Il nido: ritratti di cura e fragilità tra natura e cultura. Intervista all’artista Maura Banfo

Abstract

Cos’è un nido? Che cosa comunica la sua immagine? Nelle rappresentazioni letterarie, religiose, naturalistiche e nelle forme dell’arte il nido assume il senso di cura e protezione, incontro e difesa.
Affiora l’equilibrio tra naturale e artificiale, il dilemma sul confine di natura e cultura, di creazione e fato, di istinto e ragione. Il nido richiama fragilità e temporaneità, protezione e sicurezza. Archetipo non solo fisico, ma relazionale e spirituale connesso all’esistenza, alla comunità e alla natura.
All’artista Maura Banfo, che pensa e costruisce nidi, chiediamo di accompagnarci all’interno della sua ricerca e dell’indagine dell’arte tra osservare e imitare la natura, fissarne le forme, esplorarne i materiali e ripensarla.

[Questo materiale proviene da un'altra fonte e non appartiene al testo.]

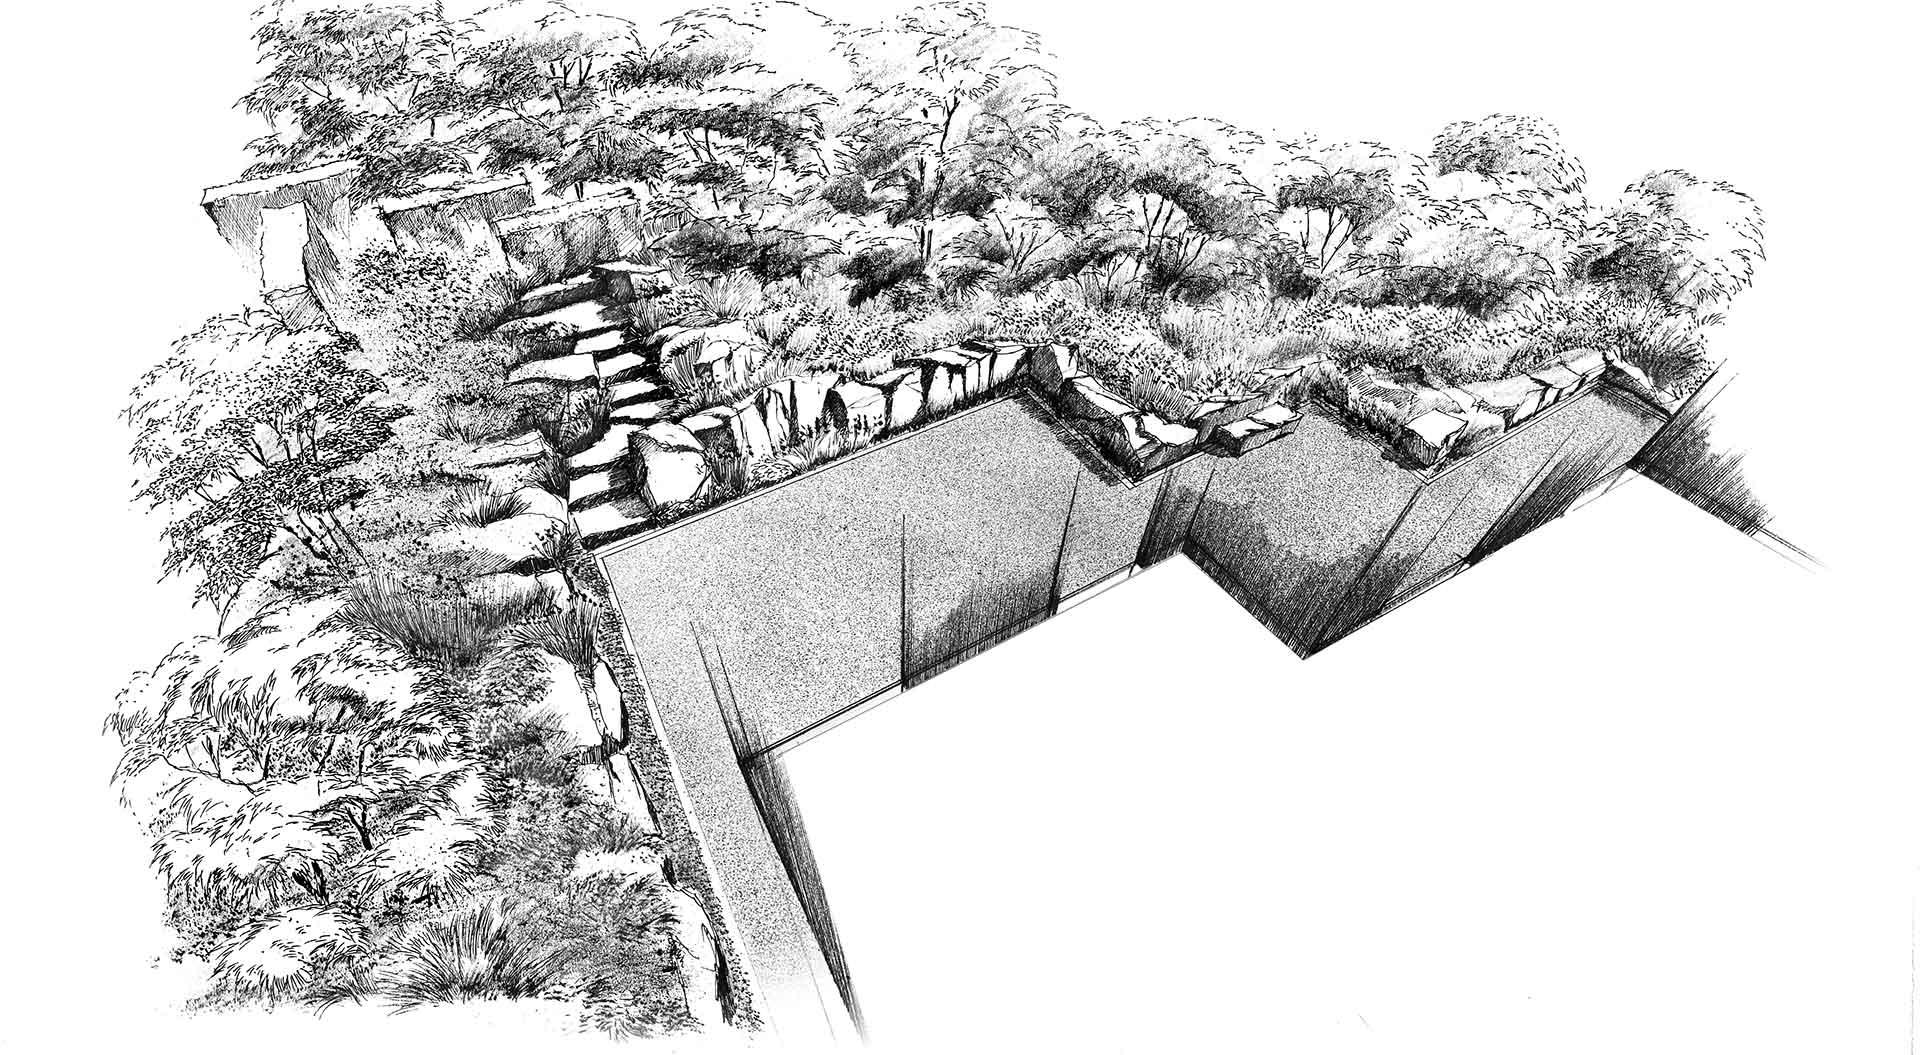 Skizze für Hanggarten-Planung im Ahrtal

 «Nido verde tra foglie morte,
che fanno, ad un soffio più forte…
trr trr trr terit tirit……».

(G. Pascoli, L’uccellino del freddo, in Canti di Castelvecchio)

La bellezza della natura attraversa le forme del nido e nell’artificio accurato e geniale delle sue componenti la rappresenta. Alla bellezza congiunge il senso del tepore, della protezione e dell’accudimento. E’ la natura che colma il mistero dell’essere, compensa la realtà del male, del dolore, della morte. Quante architetture e materiali si confrontano e concorrono nella realizzazione del nido. Come quello dello scricciolo di Pascoli: un nido a forma di palla, verde perché fatto di muschio.

© Maura Banfo, La cura, 2016
© Maura Banfo, La cura, 2016, stampa fotografica cm 70×100, Collezione Palazzo Barolo. Per gentile concessione dell’artista, riproduzione vietata

Cura e fragilità tra natura e cultura

Nel richiamo alla natura c’è il richiamo al corso della vita e si affaccia un lessico che congiunge la casa alla cura, la fragilità alla temporaneità, la protezione alla sicurezza. Il nido disegna un contrappunto di intimo e privato, di appartenenza pubblica, di condivisione all’ambiente naturale e alle esistenze animali. Nido è anche percorso di educazione alla vita, abito che si modella, che si impasta al nostro crescere, opportunità di essere. Nell’immagine del nido affiora l’equilibrio tra naturale e artificiale, il dilemma sul confine di natura e cultura, di creazione e fato, di istinto e ragione.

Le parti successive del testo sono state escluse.